Step Hyp Ref Expression
1 cos9thpinconstr.1 𝑂 = ( exp ‘ ( ( i · ( 2 · π ) ) / 3 ) )
2 cos9thpiminply.2 𝑍 = ( 𝑂𝑐 ( 1 / 3 ) )
3 1 cos9thpinconstrlem1 𝑂 ∈ Constr
4 eqid ( 𝑍 + ( 1 / 𝑍 ) ) = ( 𝑍 + ( 1 / 𝑍 ) )

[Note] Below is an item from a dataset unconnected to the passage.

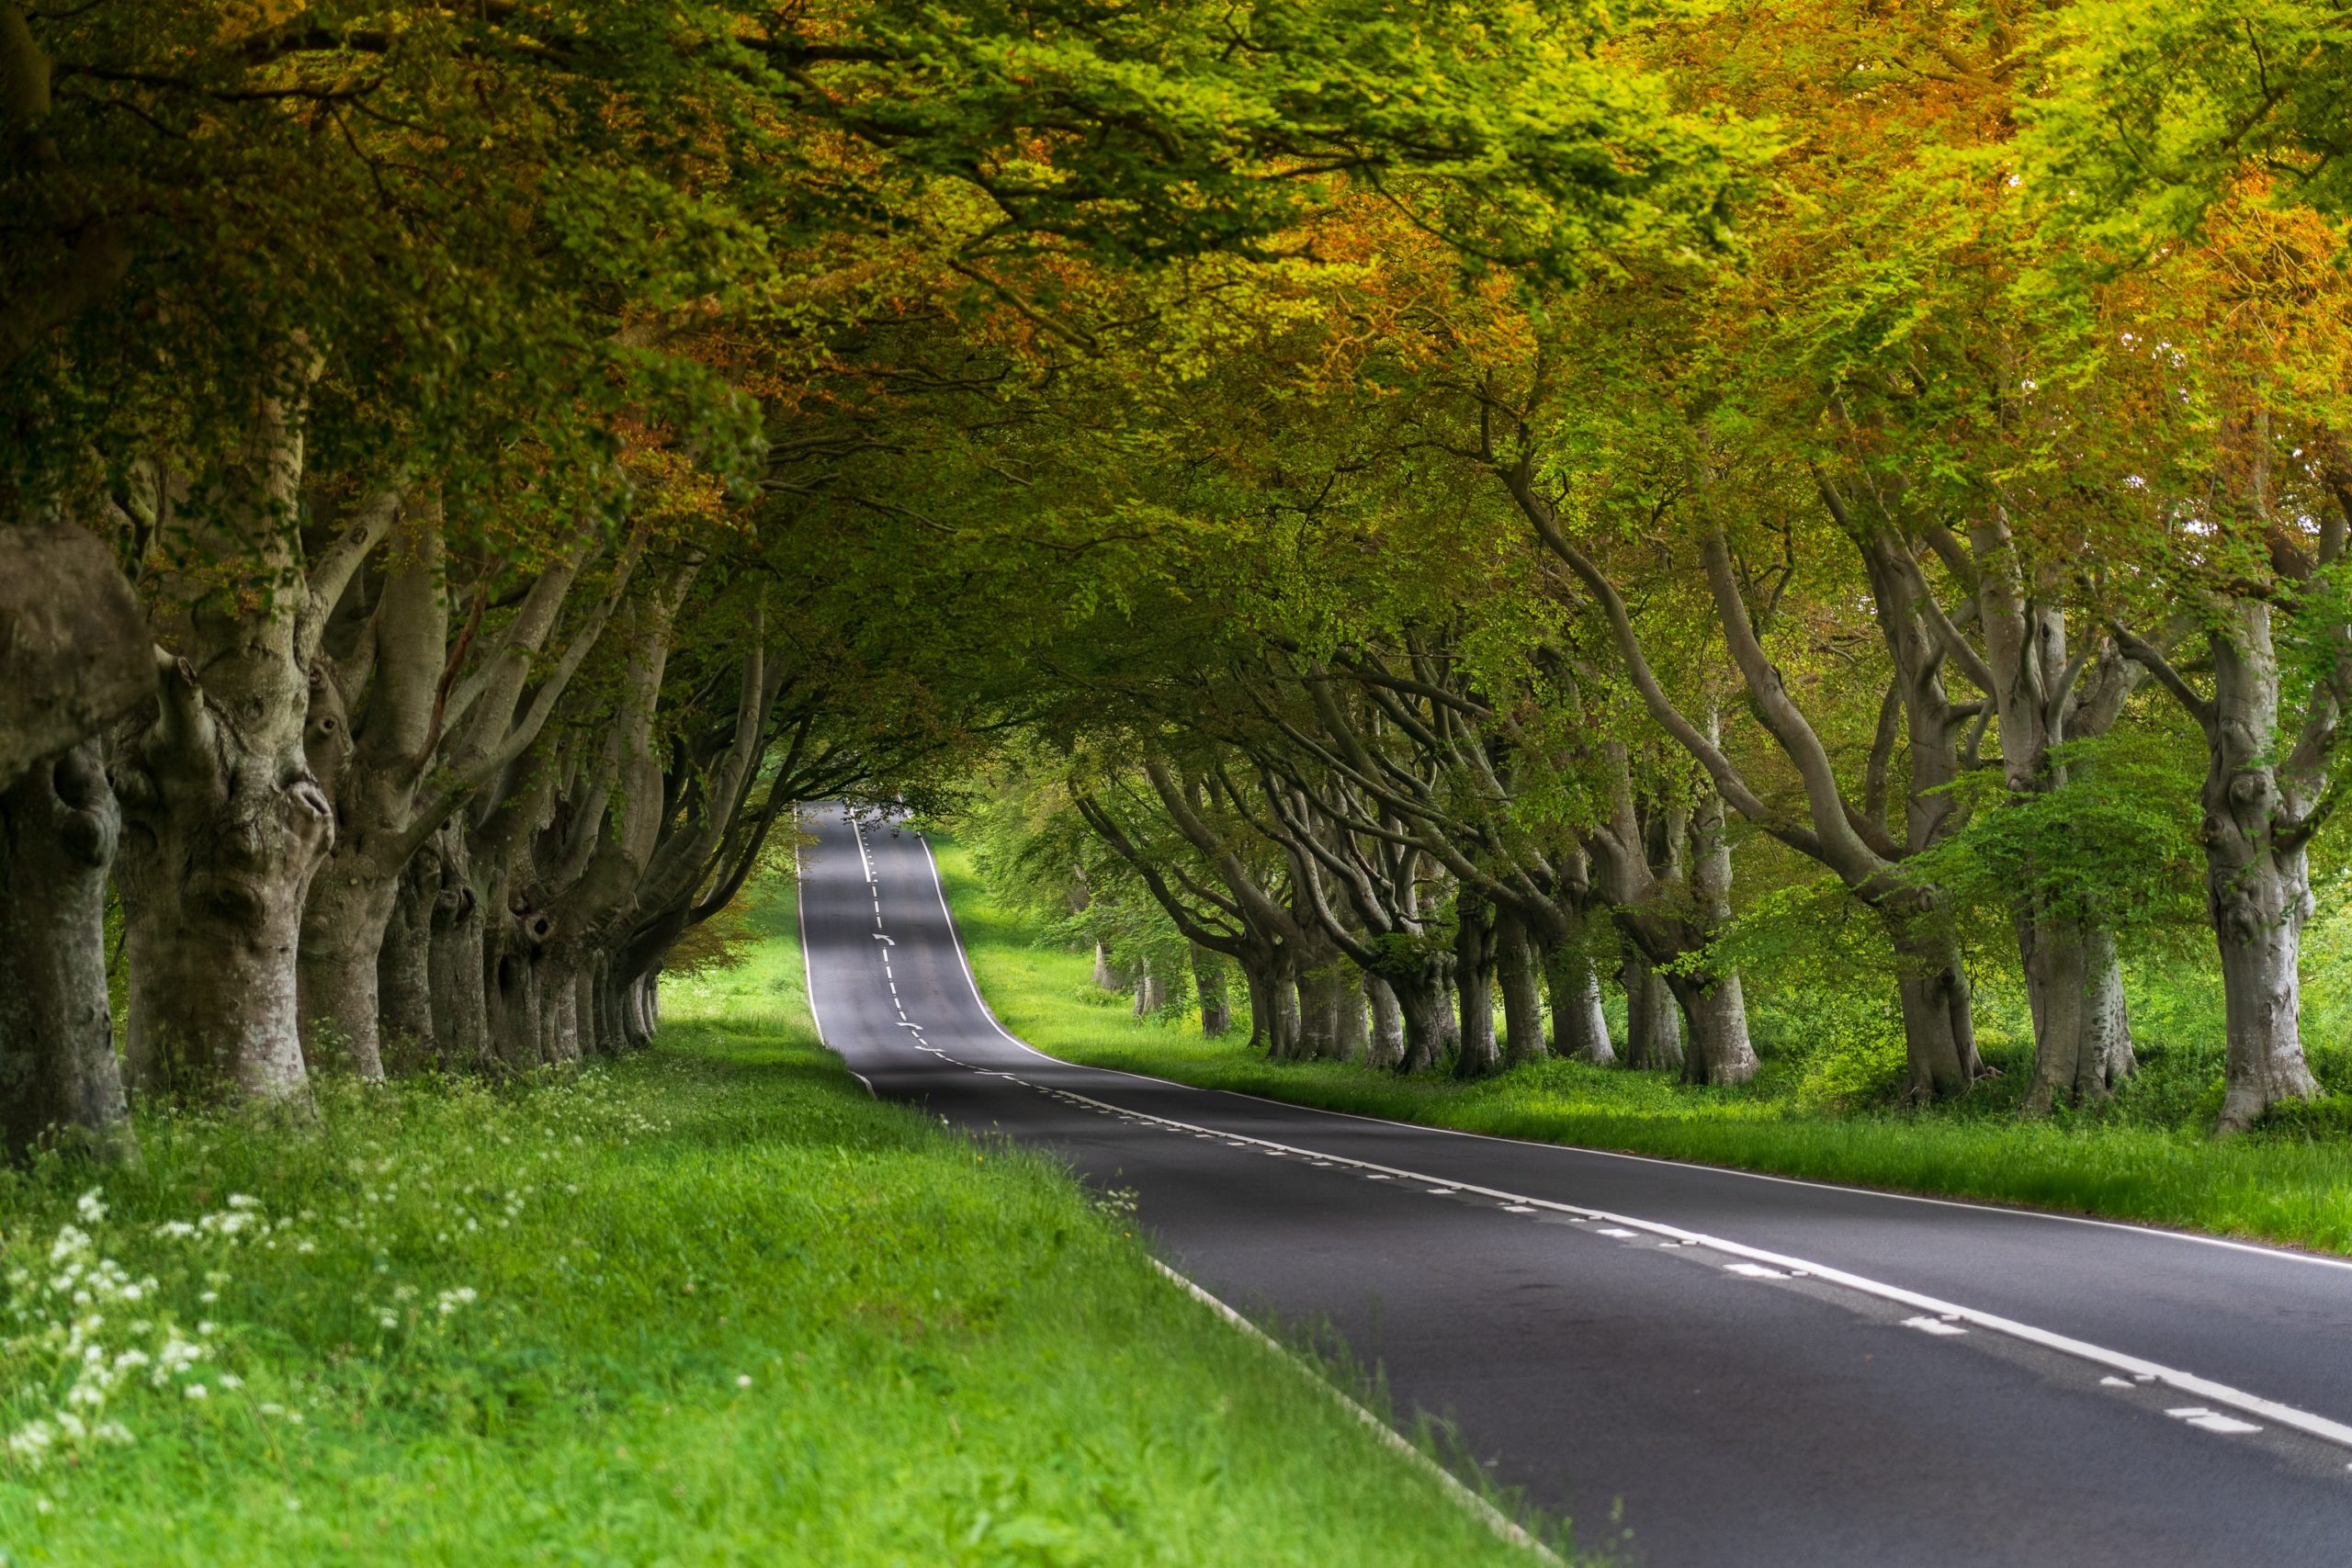 On either side of a road that is slowly going uphill, there is both lush green grass and trees.

5 1 2 4 cos9thpinconstrlem2 ¬ ( 𝑍 + ( 1 / 𝑍 ) ) ∈ Constr
6 id ( 𝑍 ∈ Constr → 𝑍 ∈ Constr )
7 2 a1i ( 𝑍 ∈ Constr → 𝑍 = ( 𝑂𝑐 ( 1 / 3 ) ) )
8 ax-icn i ∈ ℂ
9 8 a1i ( 𝑍 ∈ Constr → i ∈ ℂ )
10 2cnd ( 𝑍 ∈ Constr → 2 ∈ ℂ )
11 picn π ∈ ℂ
12 11 a1i ( 𝑍 ∈ Constr → π ∈ ℂ )
13 10 12 mulcld ( 𝑍 ∈ Constr → ( 2 · π ) ∈ ℂ )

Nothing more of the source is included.